> **Record excerpts**
========
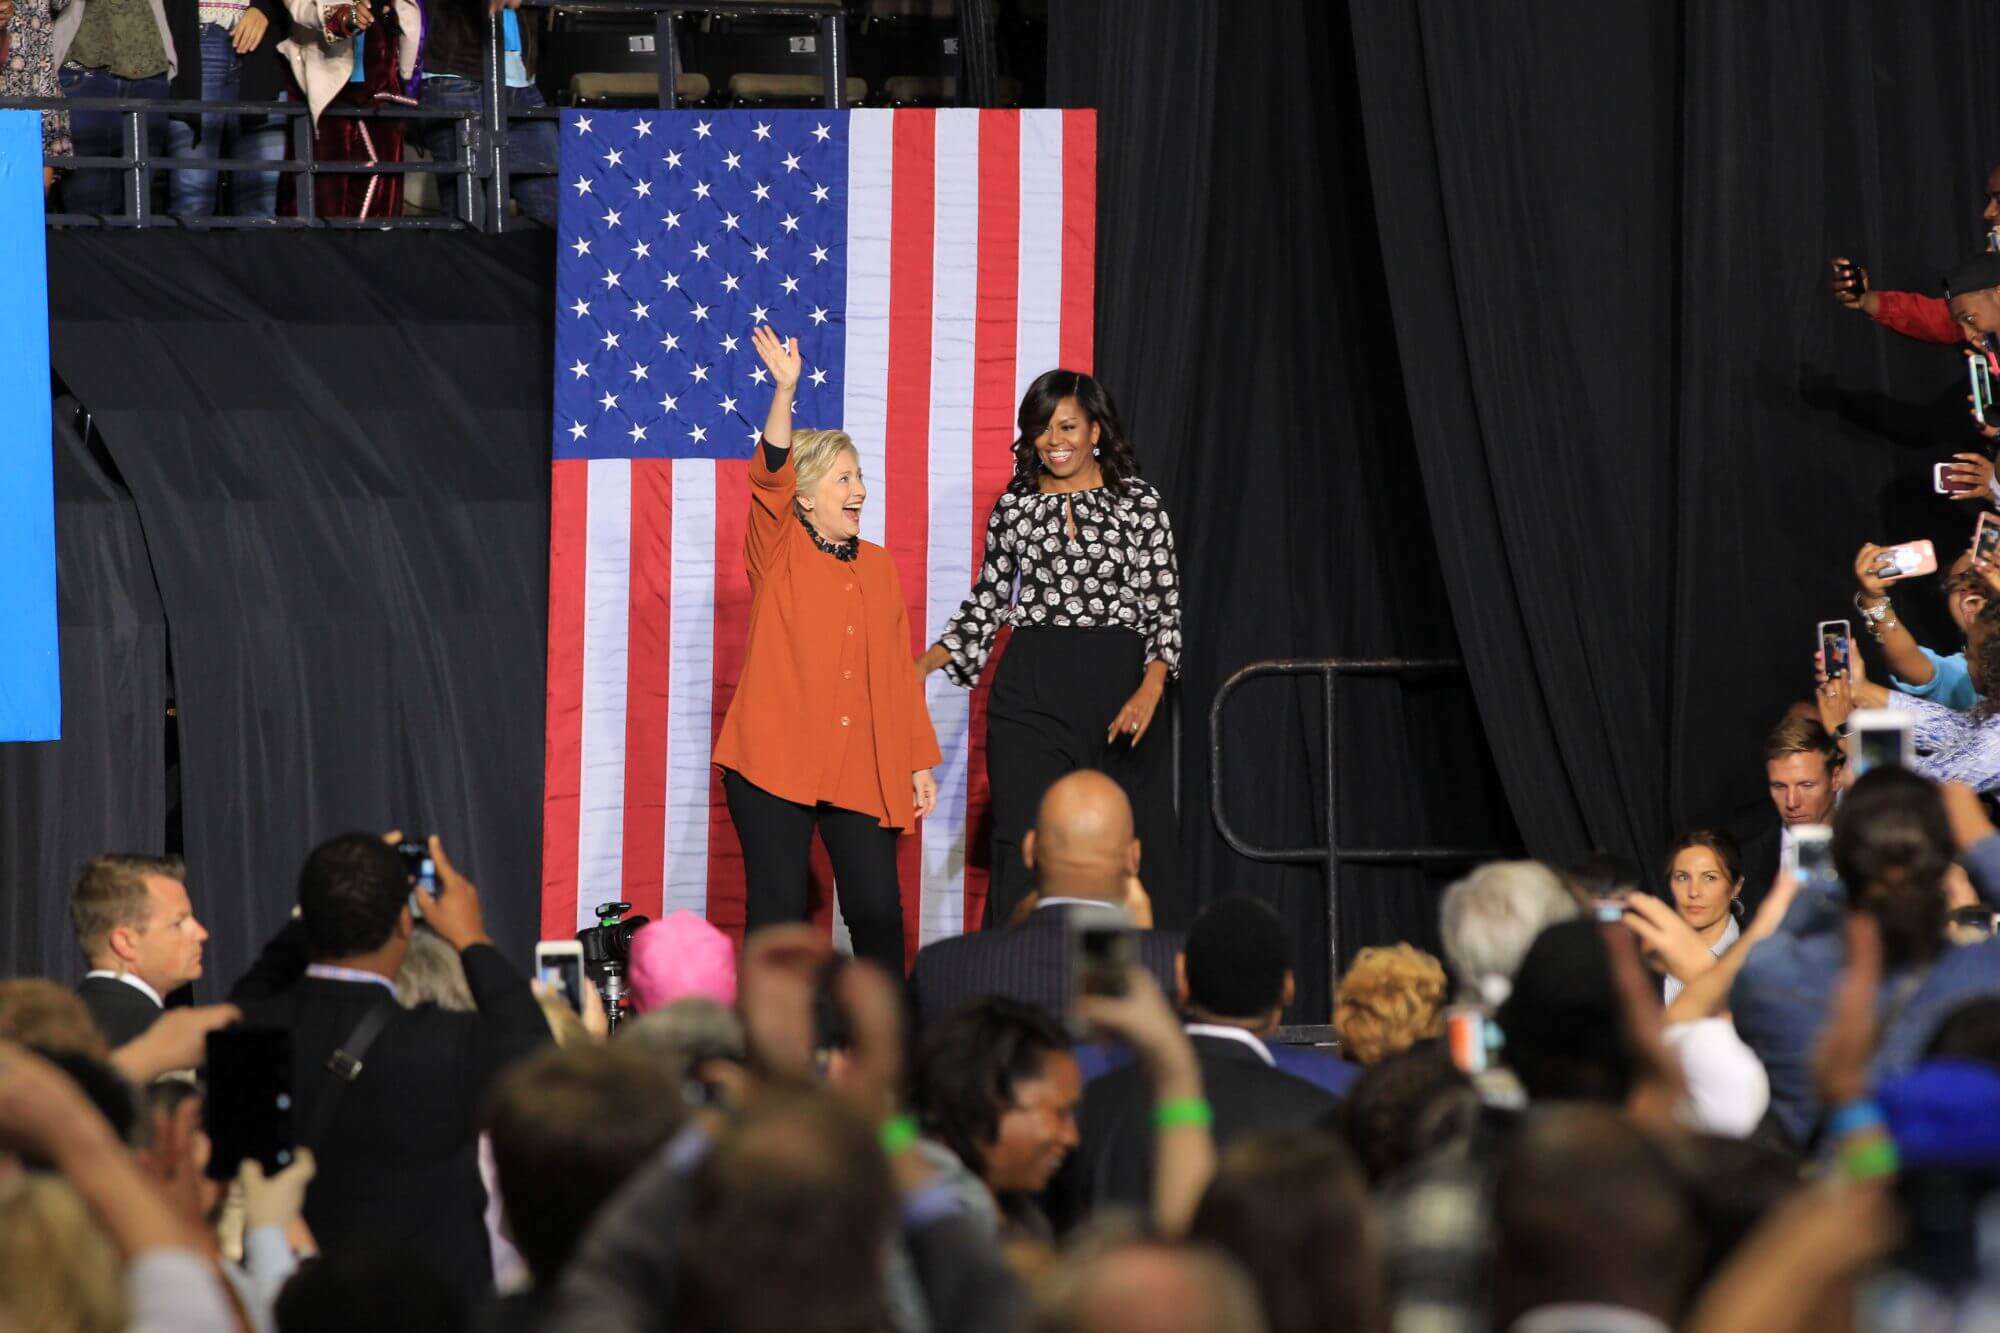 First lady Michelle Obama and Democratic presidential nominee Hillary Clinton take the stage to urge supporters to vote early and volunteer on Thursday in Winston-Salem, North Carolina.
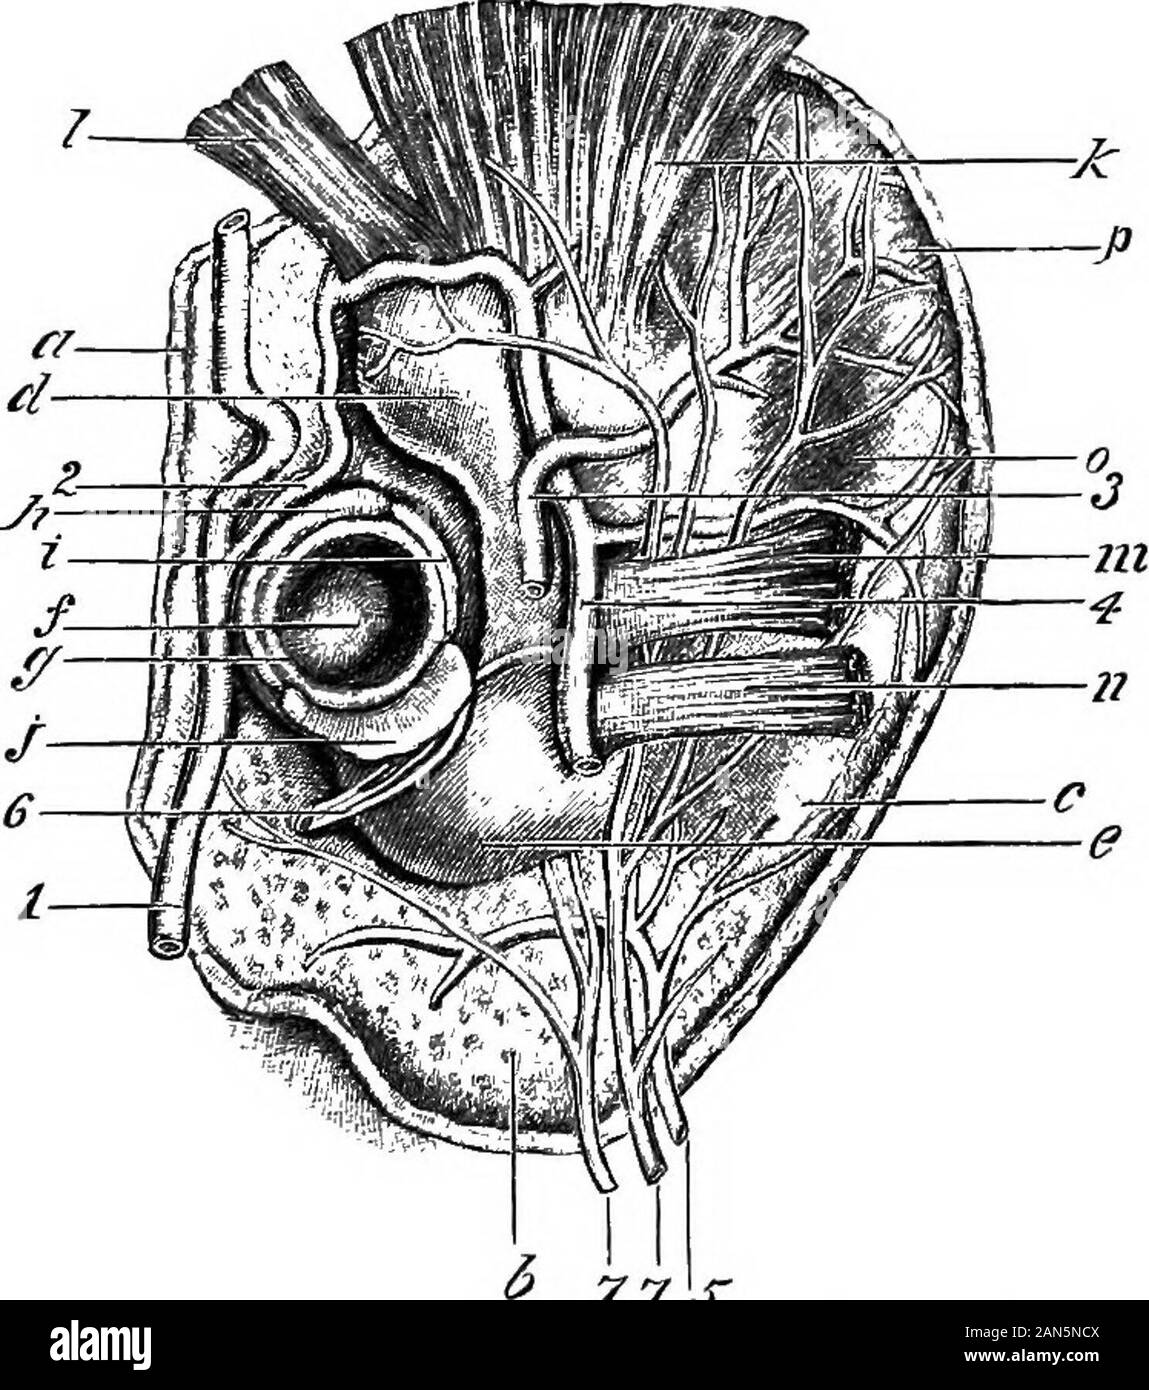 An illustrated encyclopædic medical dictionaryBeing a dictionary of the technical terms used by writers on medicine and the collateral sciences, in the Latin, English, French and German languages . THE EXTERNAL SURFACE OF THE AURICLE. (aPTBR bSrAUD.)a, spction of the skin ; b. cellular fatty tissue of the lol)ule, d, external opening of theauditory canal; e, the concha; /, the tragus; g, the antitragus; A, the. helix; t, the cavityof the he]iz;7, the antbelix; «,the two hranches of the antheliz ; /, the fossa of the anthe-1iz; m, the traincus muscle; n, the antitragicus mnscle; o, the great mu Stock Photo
========
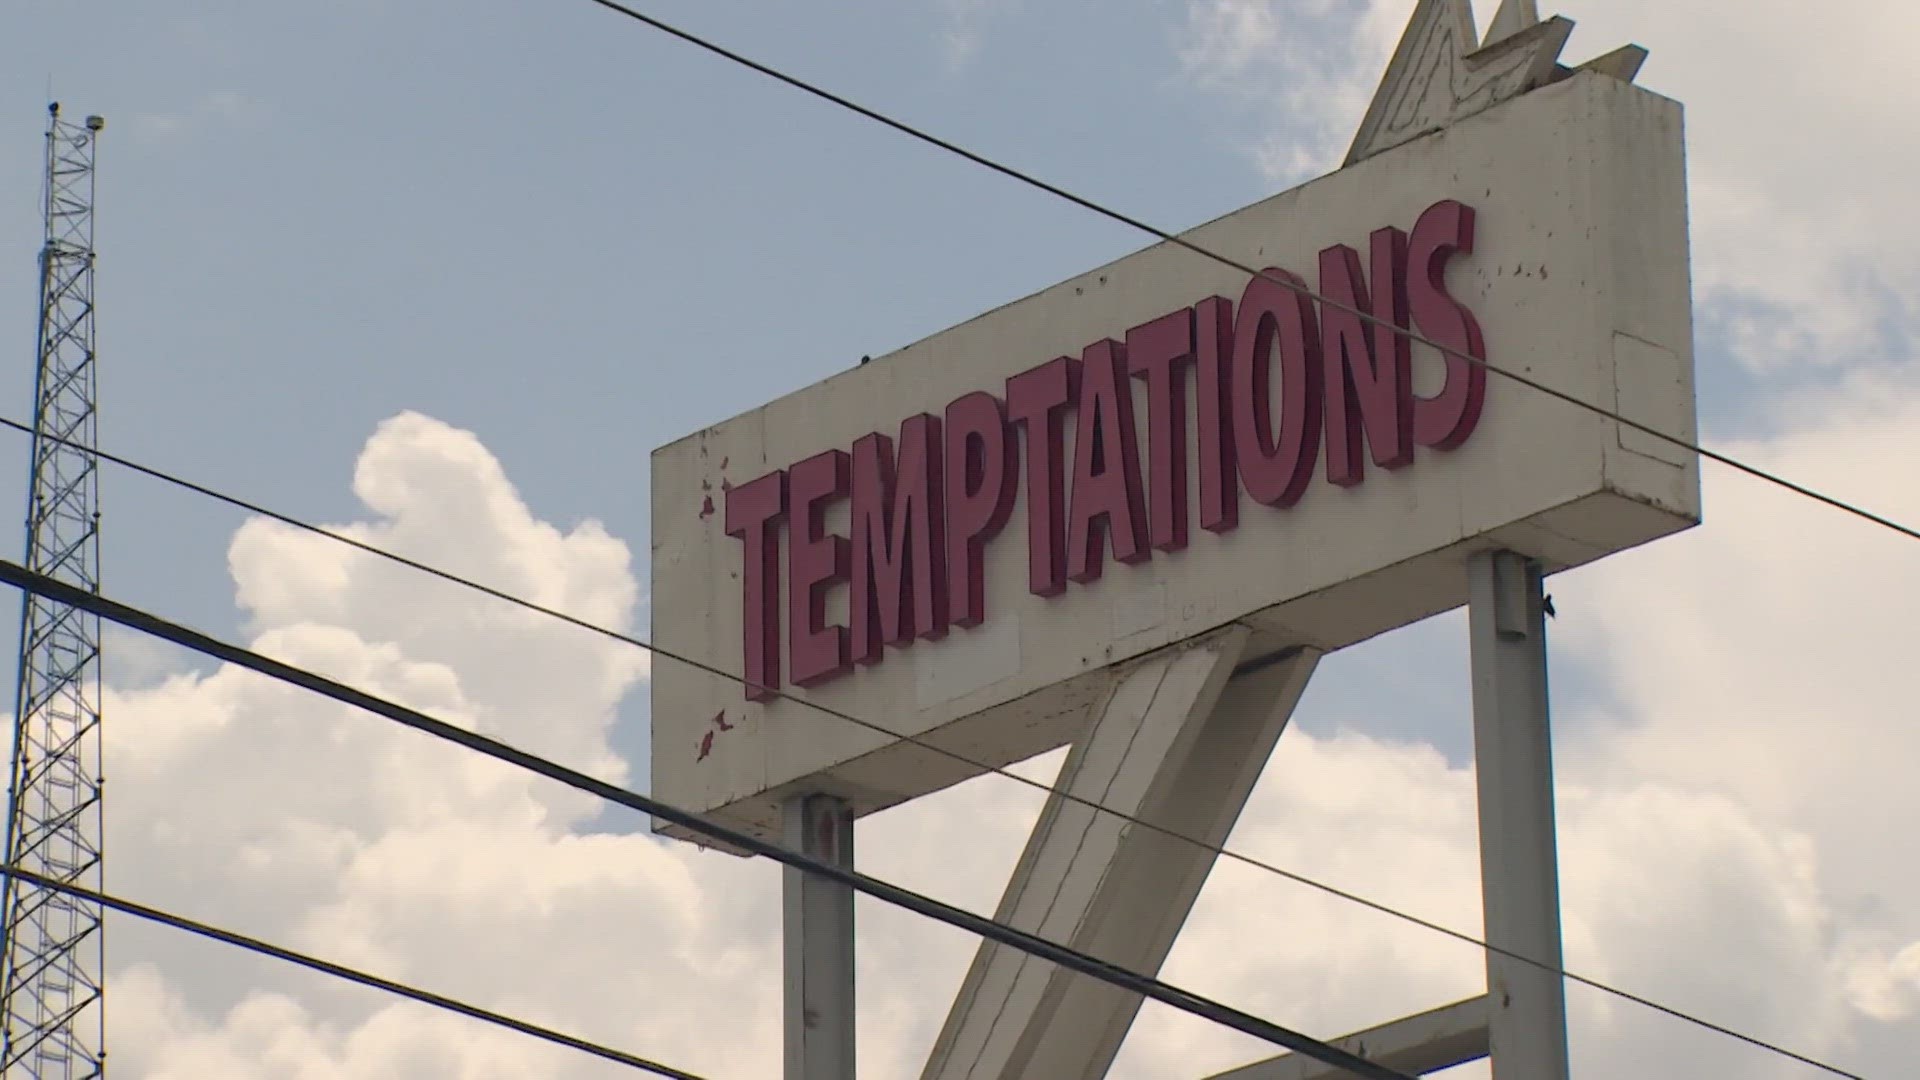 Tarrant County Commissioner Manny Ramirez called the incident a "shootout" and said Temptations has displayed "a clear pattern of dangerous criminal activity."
========
> **Task to complete**
Write out word for word the lines of the listing above from the line with "First lady Michelle" to the line with "An illustrated encyclopædic", taking in both of those lines but no pictures.

> **Answer space**
 First lady Michelle Obama and Democratic presidential nominee Hillary Clinton take the stage to urge supporters to vote early and volunteer on Thursday in Winston-Salem, North Carolina.
 An illustrated encyclopædic medical dictionaryBeing a dictionary of the technical terms used by writers on medicine and the collateral sciences, in the Latin, English, French and German languages . THE EXTERNAL SURFACE OF THE AURICLE. (aPTBR bSrAUD.)a, spction of the skin ; b. cellular fatty tissue of the lol)ule, d, external opening of theauditory canal; e, the concha; /, the tragus; g, the antitragus; A, the. helix; t, the cavityof the he]iz;7, the antbelix; «,the two hranches of the antheliz ; /, the fossa of the anthe-1iz; m, the traincus muscle; n, the antitragicus mnscle; o, the great mu Stock Photo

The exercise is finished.